[PROVIDED MATERIAL — start]

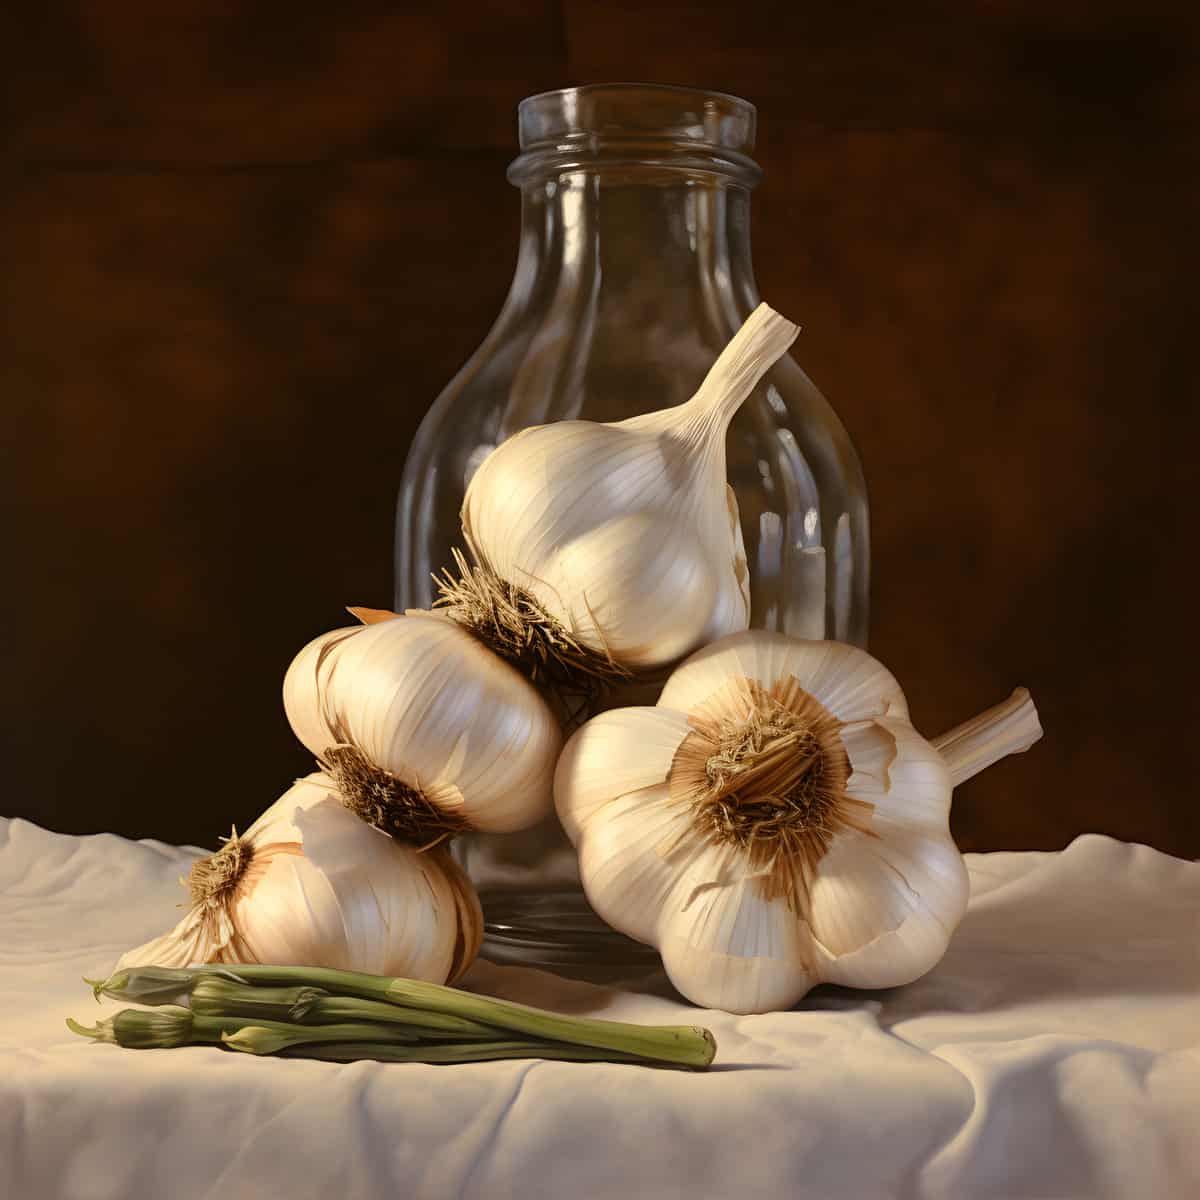 Garlic on a kitchen counter
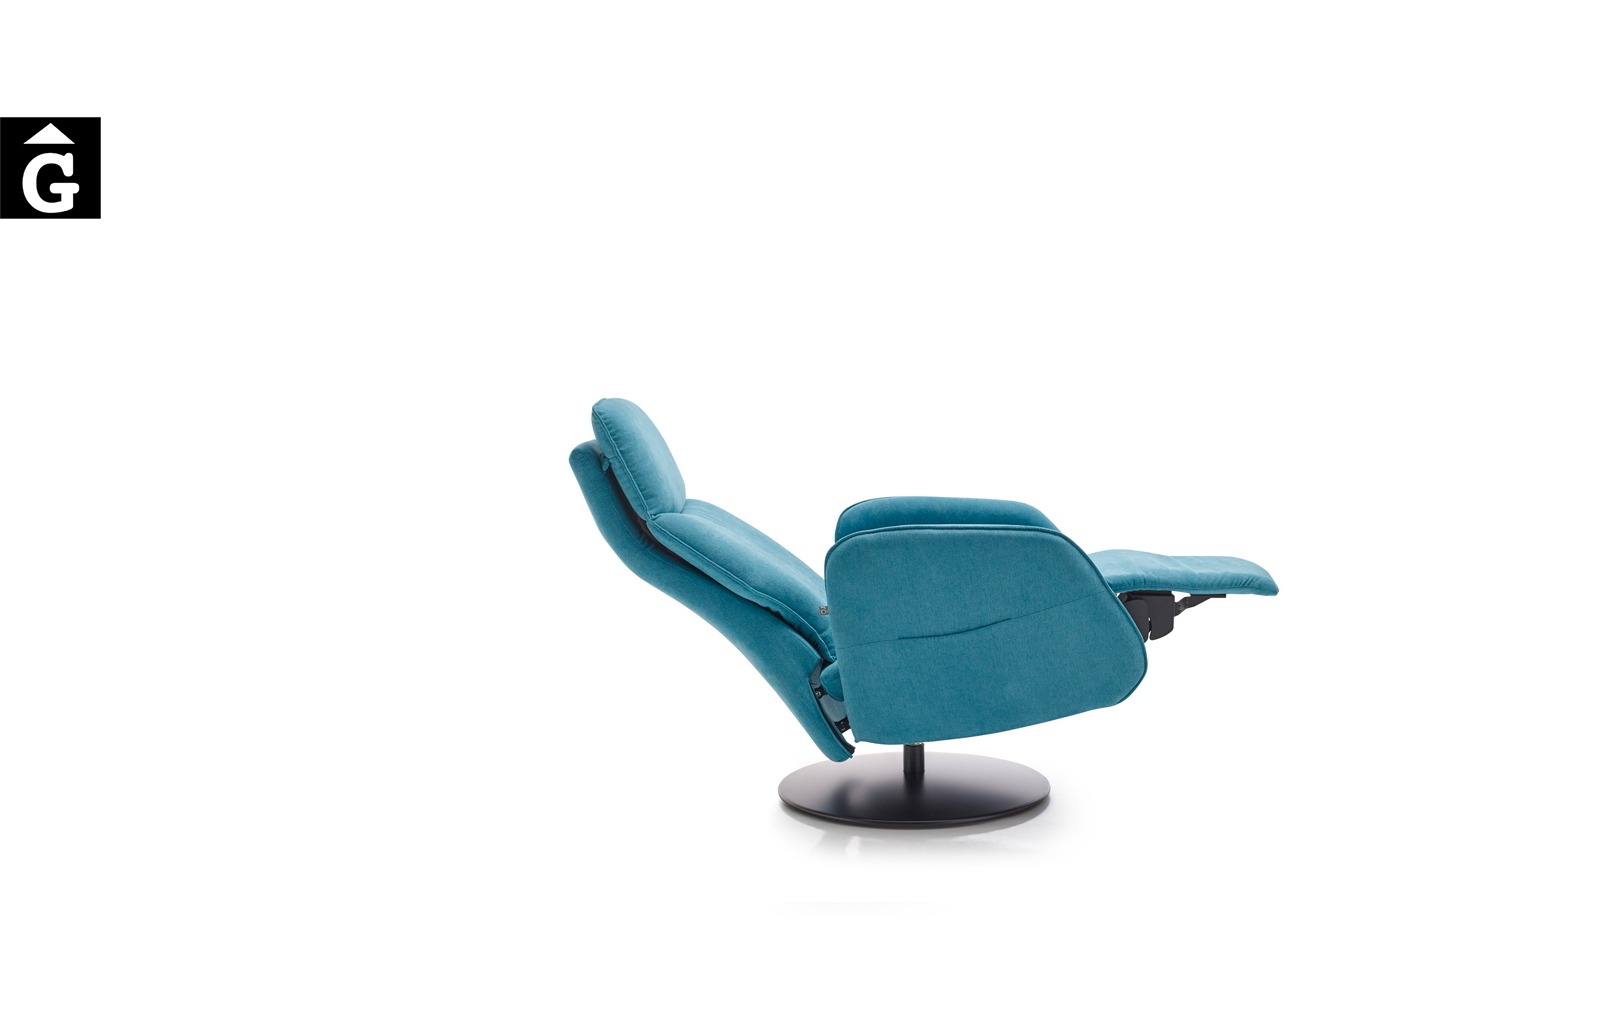 Butaca relax Panda peu central disc | Posició horitzontal | Mecanisme obert | Reyes Ordoñez Sofas disseny i qualitat alta distribuïdor oficial mobles Gifreu
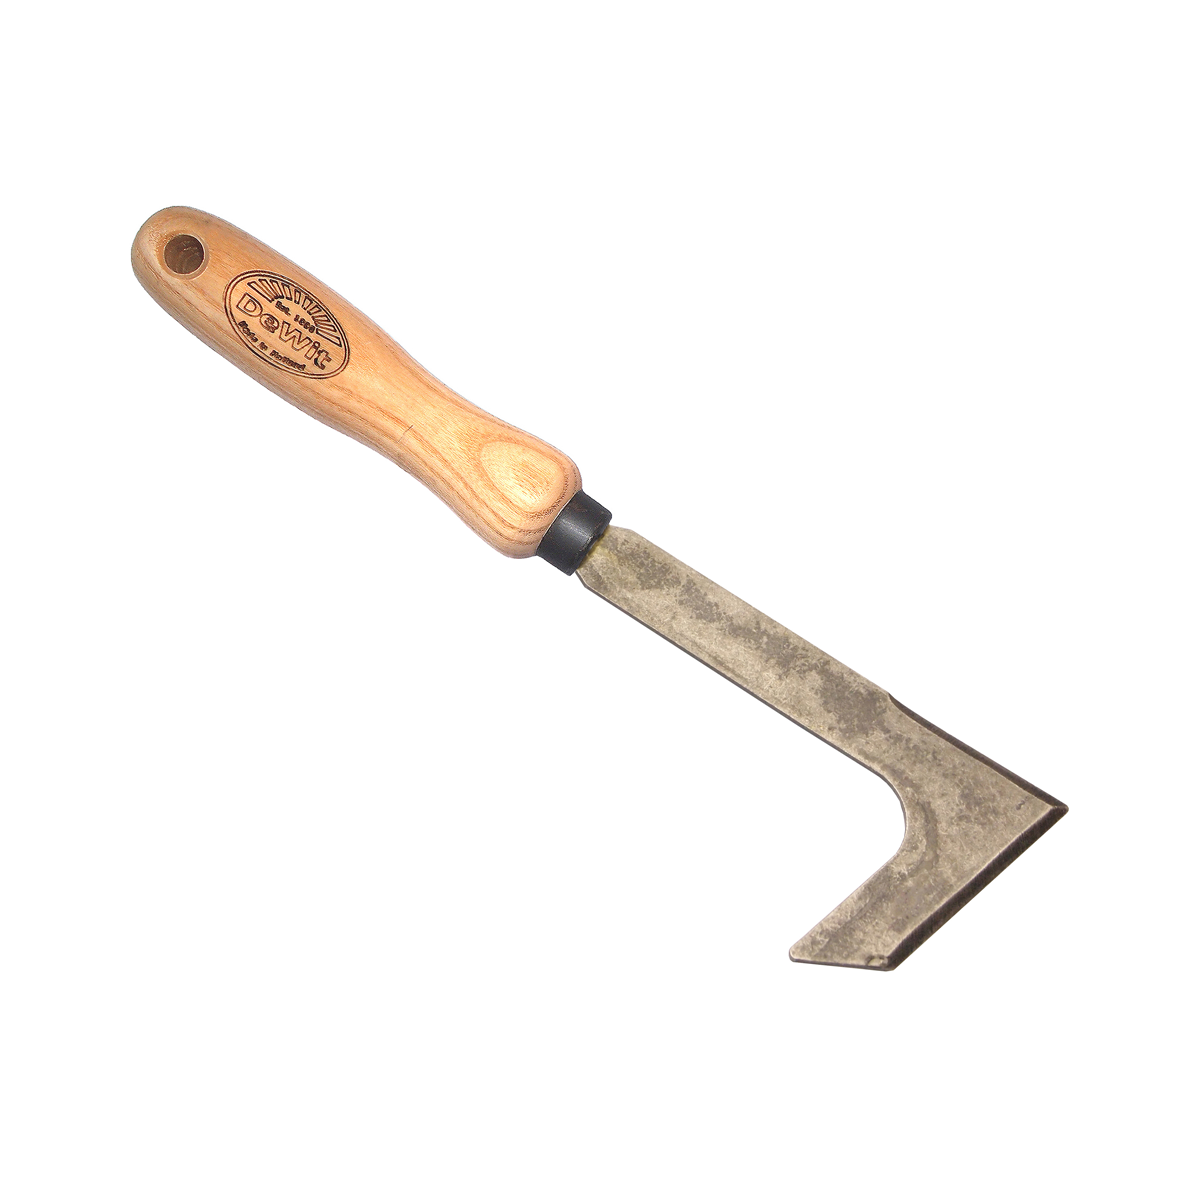 Renskniv / Ogräskniv, trähandtag

[PROVIDED MATERIAL — finish]

With pictures excluded, the data must be transcribed in full and to the letter.

RESULT BELOW
 Garlic on a kitchen counter
 Butaca relax Panda peu central disc | Posició horitzontal | Mecanisme obert | Reyes Ordoñez Sofas disseny i qualitat alta distribuïdor oficial mobles Gifreu
 Renskniv / Ogräskniv, trähandtag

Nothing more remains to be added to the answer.